我想访问子节点中存在的信息。这是因为文件的结构吗?
试图分别提取文件中的作者子节点信息并运行python代码。很好
import urllib
import xml.etree.ElementTree as ET
url = 'https://dailymed.nlm.nih.gov/dailymed/services/v2/spls/fe9e8b7d-61ea-409d-84aa-3ebd79a046b5.xml'
print 'Retrieving', url
document = urllib.urlopen (url).read()
print 'Retrieved', len(document), 'characters.'
print document[:50]
tree = ET.fromstring(document)
lst = tree.findall('title')
print lst[:100]
答案 0 :(得分:1)
您可以使用xmltodict来从请求的XML数据生成python字典。
这是一个基本示例:
import urllib2
import xmltodict
def foobar(request):
file = urllib2.urlopen('https://dailymed.nlm.nih.gov/dailymed/services/v2/spls/fe9e8b7d-61ea-409d-84aa-3ebd79a046b5.xml')
data = file.read()
file.close()
data = xmltodict.parse(data)
return {'xmldata': data}
答案 1 :(得分:0)
我通常更喜欢使用beautifulsoup 和{l1, l3}
解析器来解析xml。
下面的示例代码
lxml
输出
import requests
from bs4 import BeautifulSoup
url = 'https://dailymed.nlm.nih.gov/dailymed/services/v2/spls/fe9e8b7d-61ea-409d-84aa-3ebd79a046b5.xml'
document = requests.get(url)
soup= BeautifulSoup(document.content,"lxml-xml")
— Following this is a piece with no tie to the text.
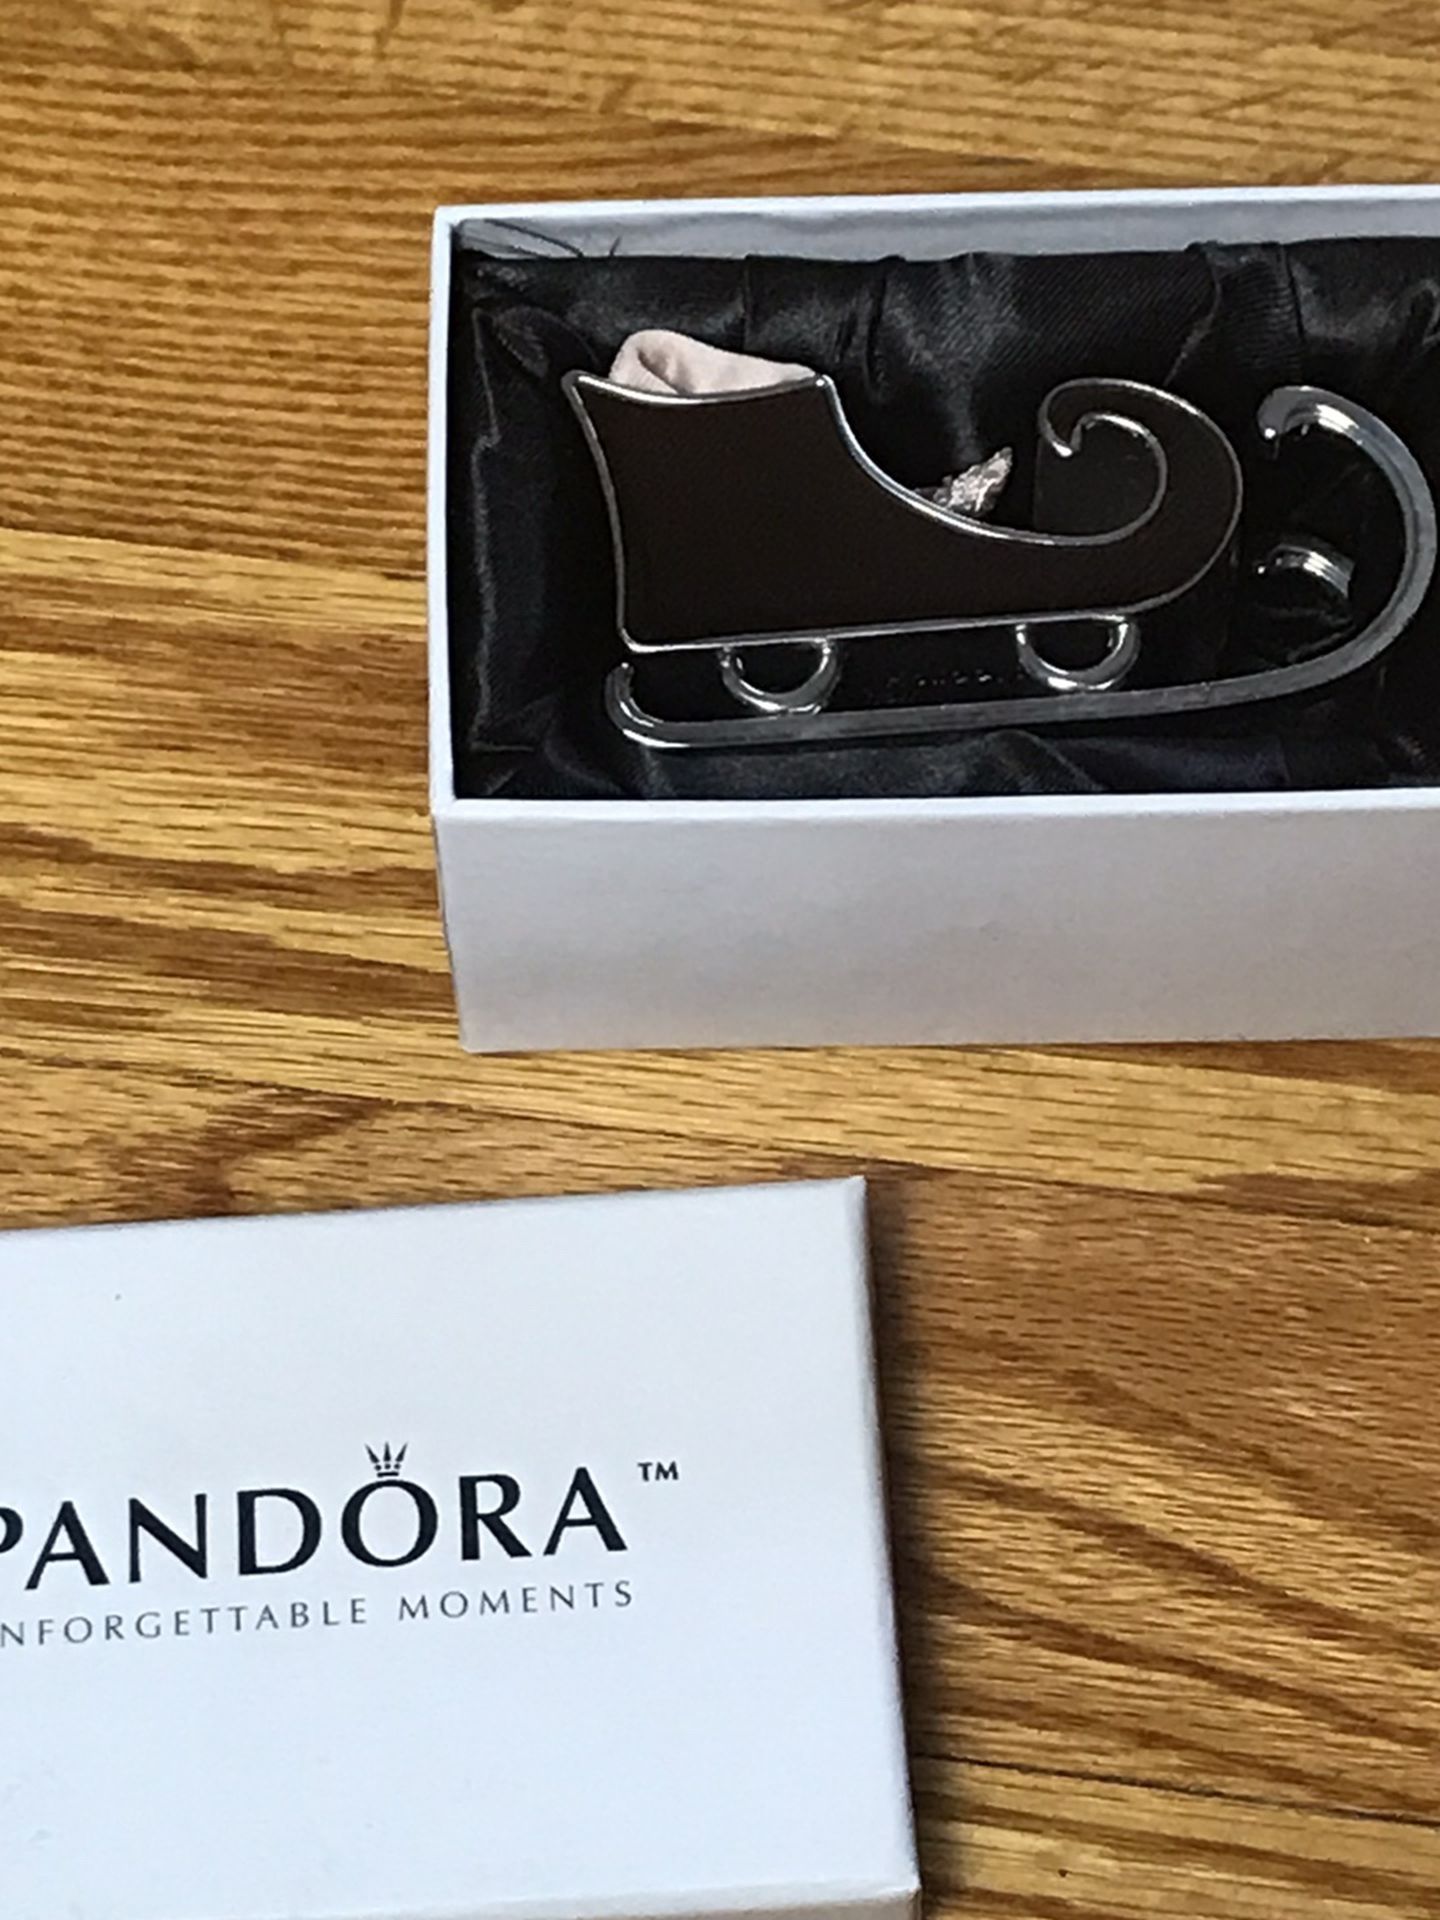 NIB PANDORA 2010 CHRISTMAS SLEIGH ORNAMENT AND POUCH OUTER BOX SET 3rd in series

print (soup.find("title"))
然后您可以使用beautifulsoup提供的方法,例如<title>These highlights do not include all the information needed to use ZOLOFT safely and effectively. See full prescribing information for ZOLOFT. <br/>
<br/>ZOLOFT (sertraline hydrochloride) tablets, for oral use <br/>ZOLOFT (sertraline hydrochloride) oral solution <br/>Initial U.S. Approval: 1991</title>
和find
来找到相应的节点或子节点
答案 2 :(得分:0)
由于名称空间,您找不到标题元素。
在示例代码下面找到:
import xml.etree.ElementTree as ET
import urllib.request
url = 'https://dailymed.nlm.nih.gov/dailymed/services/v2/spls/fe9e8b7d-61ea-409d-84aa-3ebd79a046b5.xml'
response = urllib.request.urlopen(url).read()
tree = ET.fromstring(response)
for docTitle in tree.findall('{urn:hl7-org:v3}title'):
print(docTitle.text)
for compTitle in tree.findall('.//{urn:hl7-org:v3}title'):
print(compTitle.text)
更新
如果您需要搜索XML节点,则应使用xPath Expressions
示例:
NS = '{urn:hl7-org:v3}'
ID = '829076996' # ID TO BE FOUND
# XPATH TO FIND AUTHORS BY ID (search ID and return related author node)
xPathAuthorById = ''.join([
".//",
NS, "author/",
NS, "assignedEntity/",
NS, "representedOrganization/",
NS, "id[@extension='", ID,
"']/../../.."
])
# XPATH TO FIND AUTHOR NAME ELEMENT
xPathAuthorName = ''.join([
"./",
NS, "assignedEntity/",
NS, "representedOrganization/",
NS, "name"
])
# FOR EACH AUTHOR FOUND, SEARCH ATTRIBUTES (example name)
for author in tree.findall(xPathAuthorById):
name = author.find(xPathAuthorName)
print(name.text)
此示例显示ID 829076996的作者姓名
更新2
您可以使用findall方法轻松处理所有AssignedEntity标签。 对于它们每个,您都可以拥有多个产品,因此需要另一种findall方法(请参见下面的示例)。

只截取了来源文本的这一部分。